UDP is perfect for applications where speed is more important than reliability, such as live video streaming, online gaming, VoIP, and DNS lookups. In these cases the application or client is equipped to handle the occasional packet loss or out of order packet. For VOIP as an example, the client might just drop the occasional packet leading to a hiccup in the audio but overall the conversation is still intelligible. This is vastly preferable to retransmitting those lost packets and clogging up the network with ACKs.
TCP: Reliable but with Overhead
Transmission Control Protocol (TCP) is the workhorse of the internet. It provides reliable, ordered, and error-checked delivery of data. It establishes a connection through a three-way handshake (we saw this illustrated above with the HTTP example) and maintains that connection throughout the communication session.

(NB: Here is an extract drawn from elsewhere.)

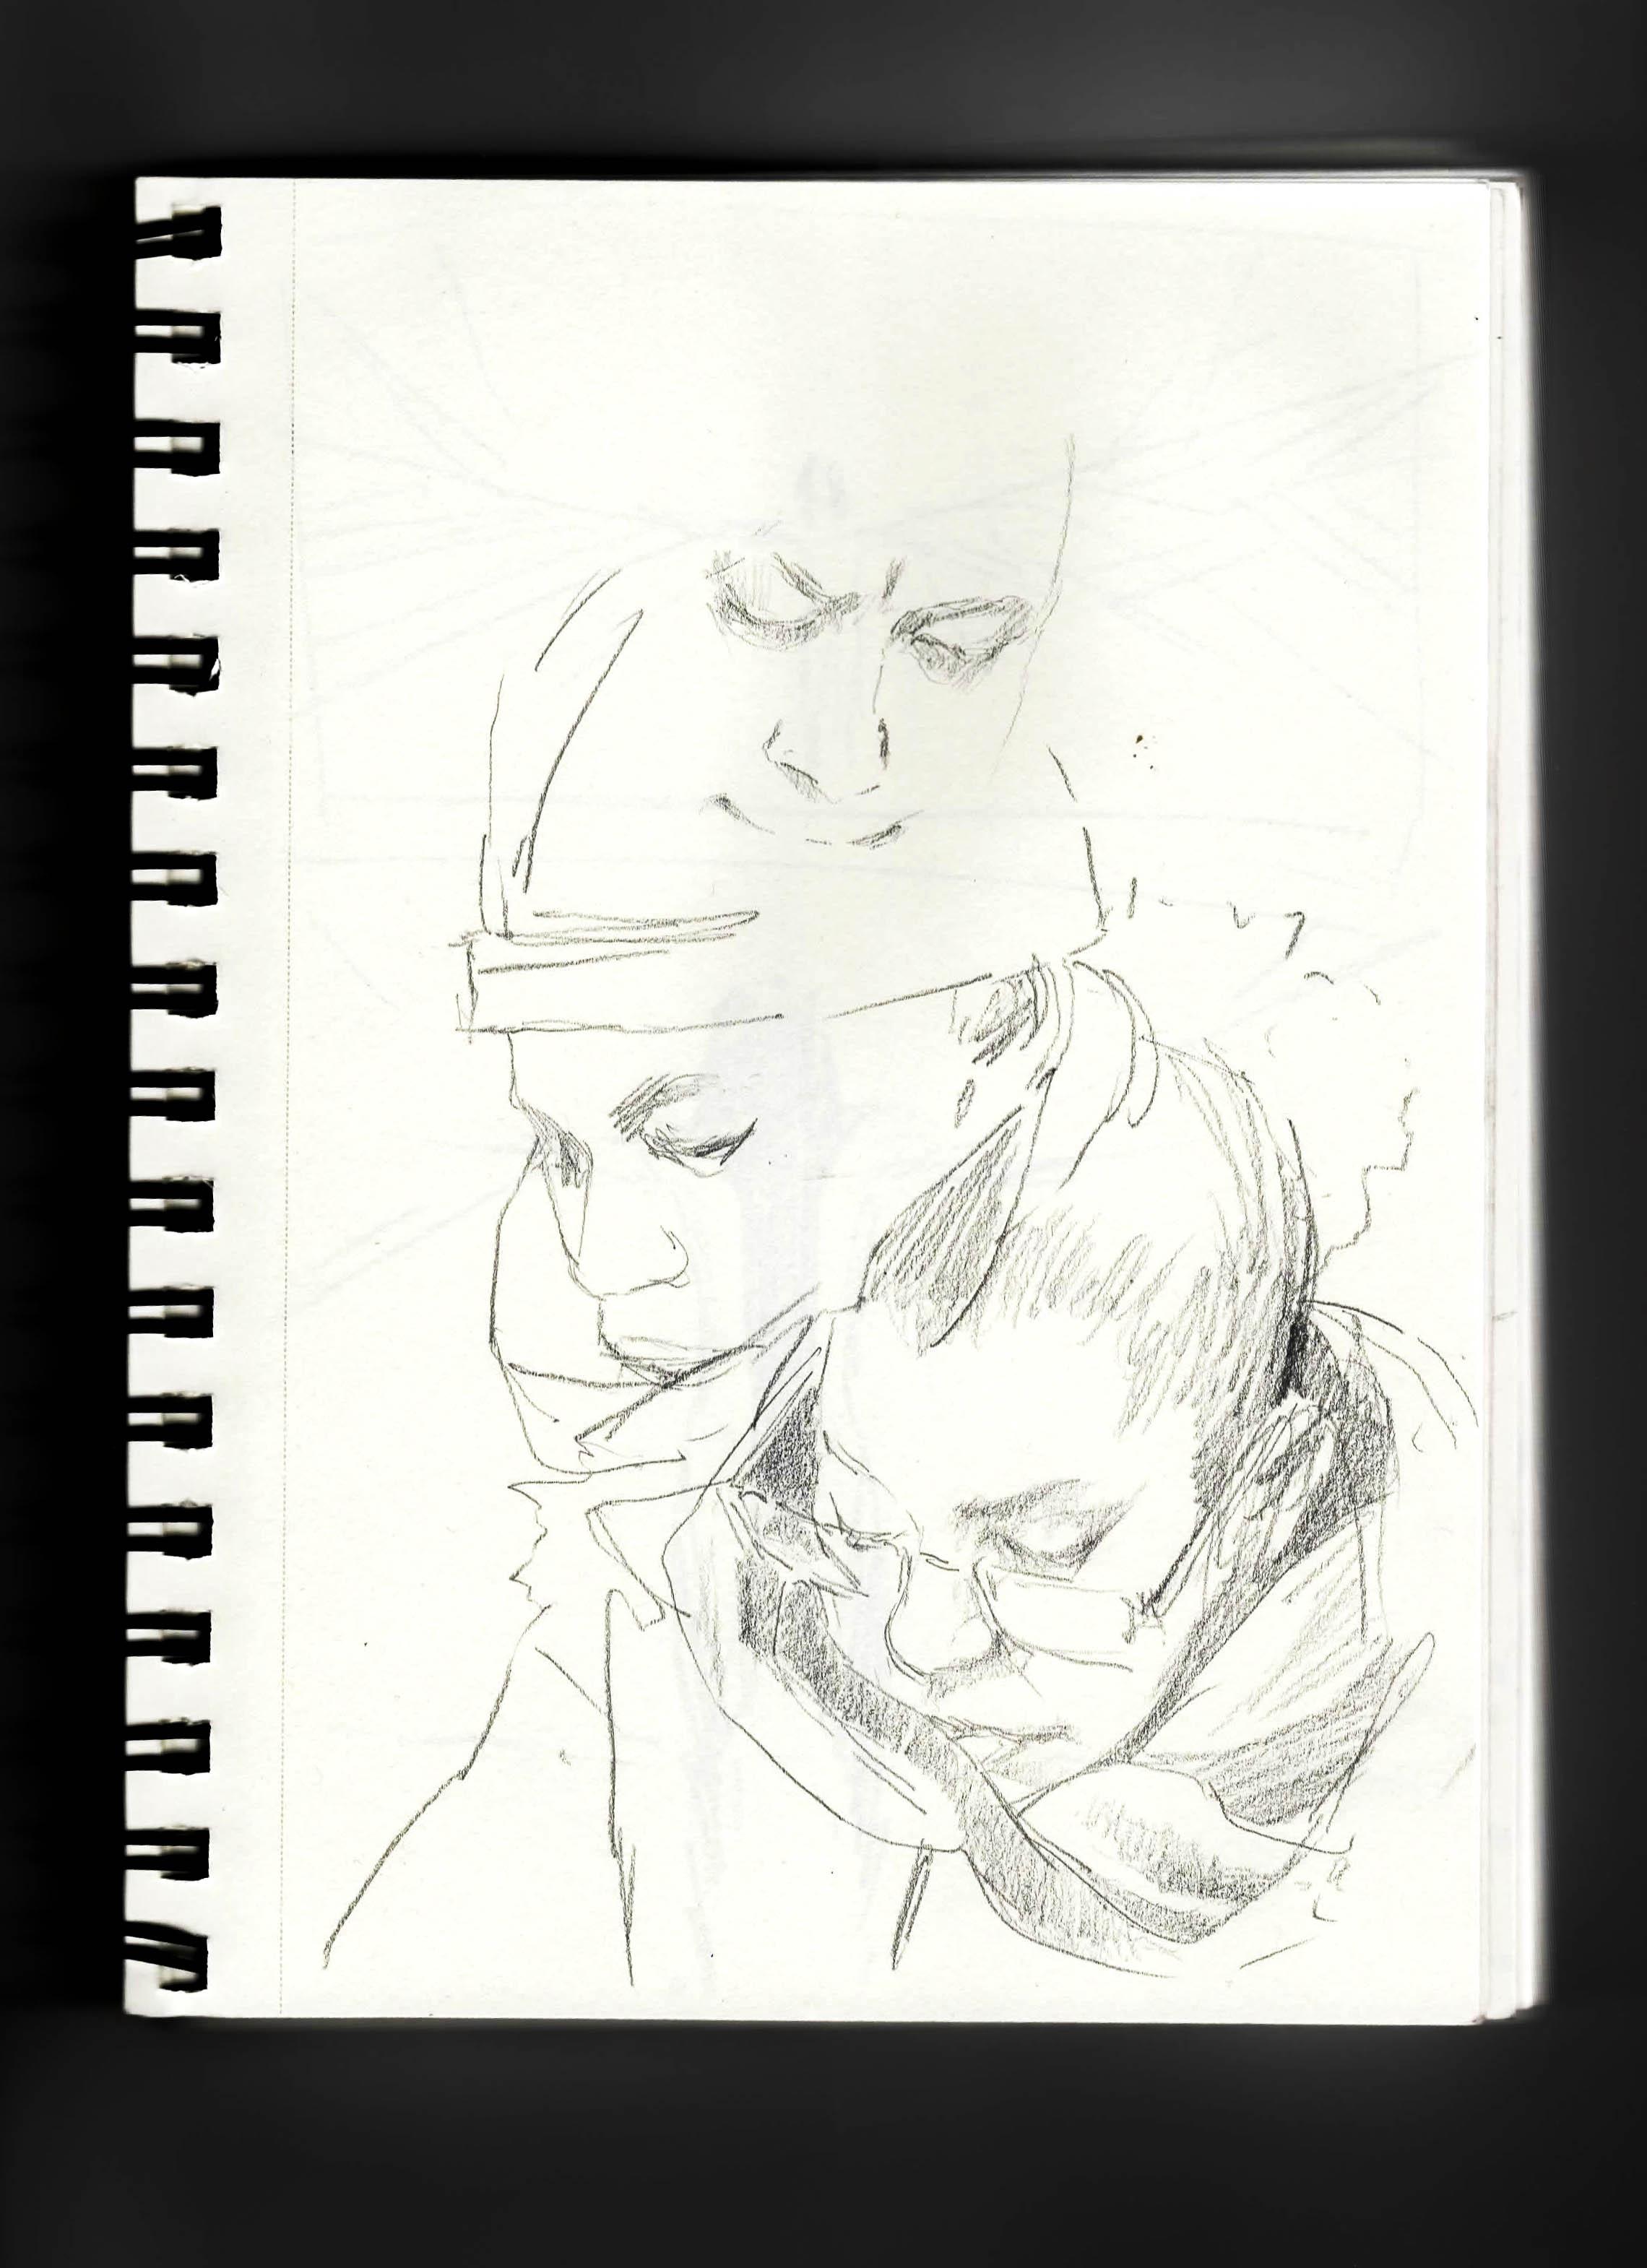 nyc subway sketch

This connection is called a "stream" and is a stateful connection between the client and server — it also gives us a basis to talk about ordering: two messages sent in the same stream/connection will arrive in the same order. TCP will ensure that recipients of messages acknowledge their receipt and, if they don't, will retransmit the message until it is acknowledged.
Key Characteristics of TCP
- Connection-oriented: Establishes a dedicated connection before data transfer
- Reliable delivery: Guarantees that data arrives in order and without errors
- Flow control: Prevents overwhelming receivers with too much data
- Congestion control: Adapts to network congestion to prevent collapse
TCP is ideal for applications where data integrity is critical — that is, basically everything where UDP is not a good fit.
When to Choose Each Protocol
In system design interviews, most interviewers will expect you're using TCP by default — it often doesn't need to be directly mentioned. That's good because that's also our recommendation!
But you'll be able to earn extra points if you can make the case for a UDP application and not bungle the details. So the question you should be asking yourself is whether UDP is a better fit for your use-case.
You might choose UDP when:
- Low latency is critical (real-time applications, gaming)
- Some data loss is acceptable (media streaming)
- You're handling high-volume telemetry or logs where occasional loss is acceptable
- You don't need to support web browsers (or you have an alternative for that client)
TCP vs UDP Comparison
Feature | UDP | TCP |
---|---|---|
Connection | Connectionless | Connection-oriented |
Reliability | Best-effort delivery | Guaranteed delivery |
Ordering | No ordering guarantees | Maintains order |
Flow Control | No | Yes |
Congestion Control | No | Yes |
Header Size | 8 bytes | 20-60 bytes |
Speed | Faster | Slower due to overhead |
Use Cases | Streaming, gaming, VoIP | Everything Else |
Application Layer Protocols
The application layer is where most developers spend their time. These protocols define how applications communicate and are built on top of the transport layer protocols we just discussed.
HTTP/HTTPS: The Web's Foundation
Hypertext Transfer Protocol (HTTP) is the de-facto standard for data communication on the web. It's a request-response protocol where clients send requests to servers, and servers respond with the requested data.
HTTP is a stateless protocol, meaning that each request is independent and the server doesn't need to maintain any information about previous requests. This is generally a good thing. In system design you'll want to minimize the surface area of your system that needs to be stateful where possible. Most simple HTTP servers can be described as a function of the request parameters — they're stateless!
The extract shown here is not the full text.